1.1.1.1.1.1.1.1.1 Rule Shifting

The rules

-^#(s(z0),s(z1))

→

c2(-^#(z0,z1))

(17)

are strictly oriented by the following non-linear polynomial interpretation over the naturals

[c]	=	0
[c1]	=	0
[c2(x₁)]	=	1 · x₁ + 0
[c3]	=	0
[c4]	=	0
[c5(x₁)]	=	1 · x₁ + 0
[c6]	=	0
[c7]	=	0
[c8]	=	0
[c9]	=	0
[c10(x₁,...,x₄)]	=	1 · x₁ + 0 + 1 · x₂ + 1 · x₃ + 1 · x₄
[lt(x₁, x₂)]	=	0
[div(x₁, x₂)]	=	0
[-(x₁, x₂)]	=	1 · x₁ + 0
[if(x₁, x₂, x₃)]	=	1 + 1 · x₂ + 1 · x₂ · x₂
[-^#(x₁, x₂)]	=	1 · x₁ + 0
[lt^#(x₁, x₂)]	=	0
[if^#(x₁, x₂, x₃)]	=	2 · x₂ + 0 + 2 · x₂ · x₂
[div^#(x₁, x₂)]	=	1 · x₁ · x₁ + 0
[0]	=	0
[false]	=	1
[s(x₁)]	=	1 + 1 · x₁
[true]	=	1

which has the intended complexity.
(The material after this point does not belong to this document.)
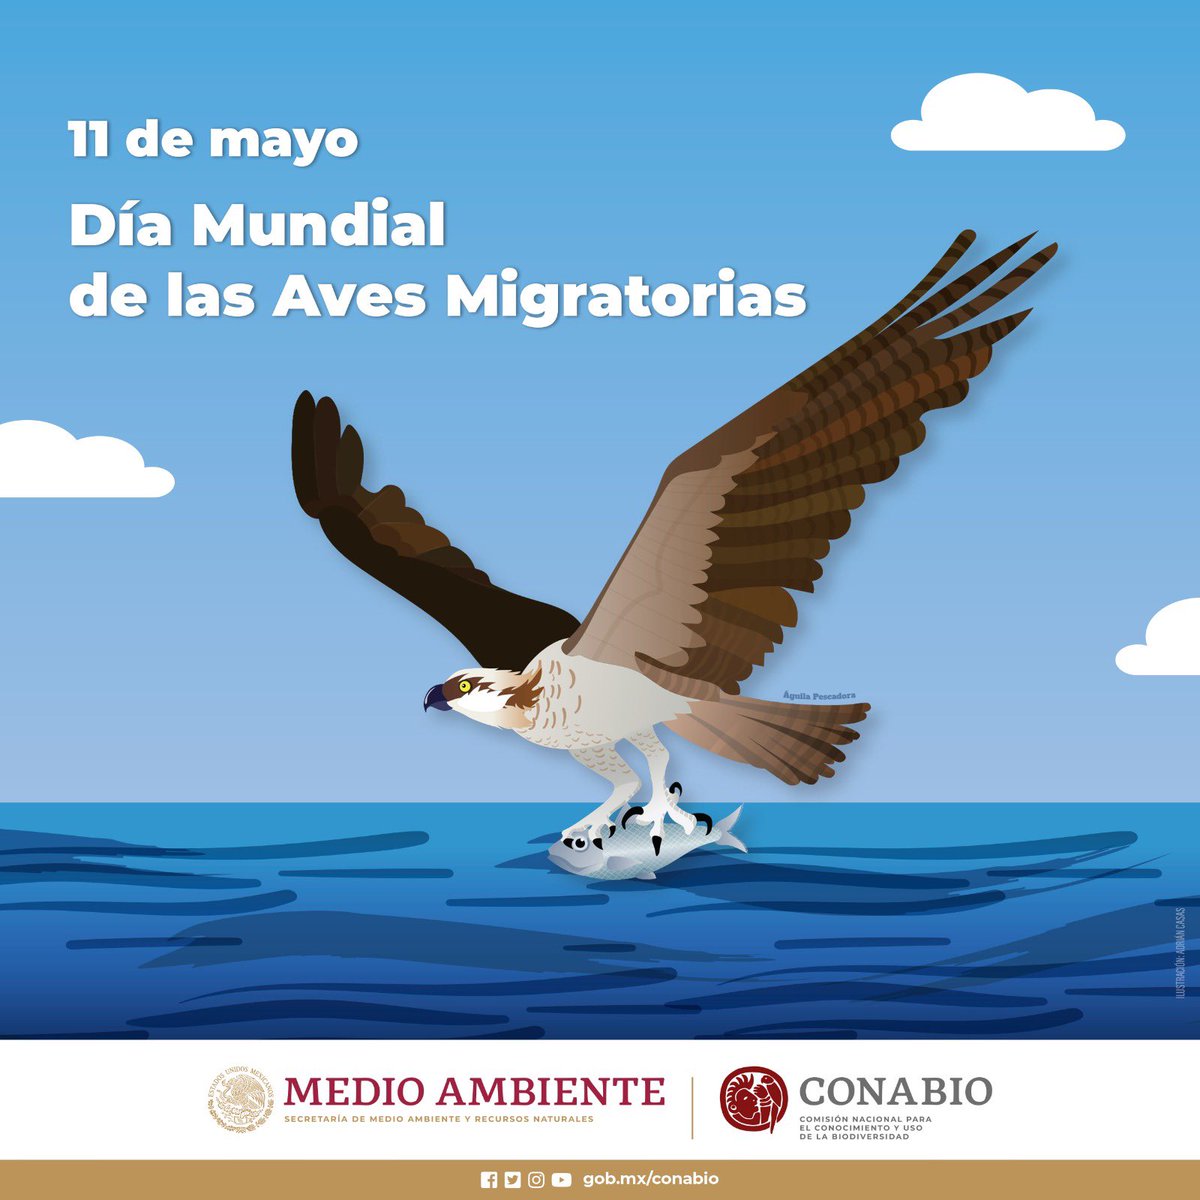 🪶Día Mundial de las Aves Migratorias 🪶 Este día nos recuerda la importancia de proteger las rutas migratorias de nuestras aves, que viajan miles de kilómetros cada año. ¿Qué aves migratorias has visto últimamente?#DíaMundialDeLasAvesMigratorias

Here, only the following usable rules have been considered:

-^#(z0,0)	→	c	(13)
-^#(0,s(z0))	→	c1	(15)
-^#(s(z0),s(z1))	→	c2(-^#(z0,z1))	(17)
lt^#(z0,0)	→	c3	(19)
lt^#(0,s(z0))	→	c4	(21)
lt^#(s(z0),s(z1))	→	c5(lt^#(z0,z1))	(23)
if^#(true,z0,z1)	→	c6	(25)
if^#(false,z0,z1)	→	c7	(27)
div^#(z0,0)	→	c8	(29)
div^#(0,z0)	→	c9	(31)
div^#(s(z0),s(z1))	→	c10(if^#(lt(z0,z1),0,s(div(-(z0,z1),s(z1)))),lt^#(z0,z1),div^#(-(z0,z1),s(z1)),-^#(z0,z1))	(33)
-(0,s(z0))	→	0	(14)
-(s(z0),s(z1))	→	-(z0,z1)	(16)
-(z0,0)	→	z0	(12)

1.1.1.1.1.1.1.1.1.1 R is empty

There are no rules in the TRS R. Hence, R/S has complexity O(1).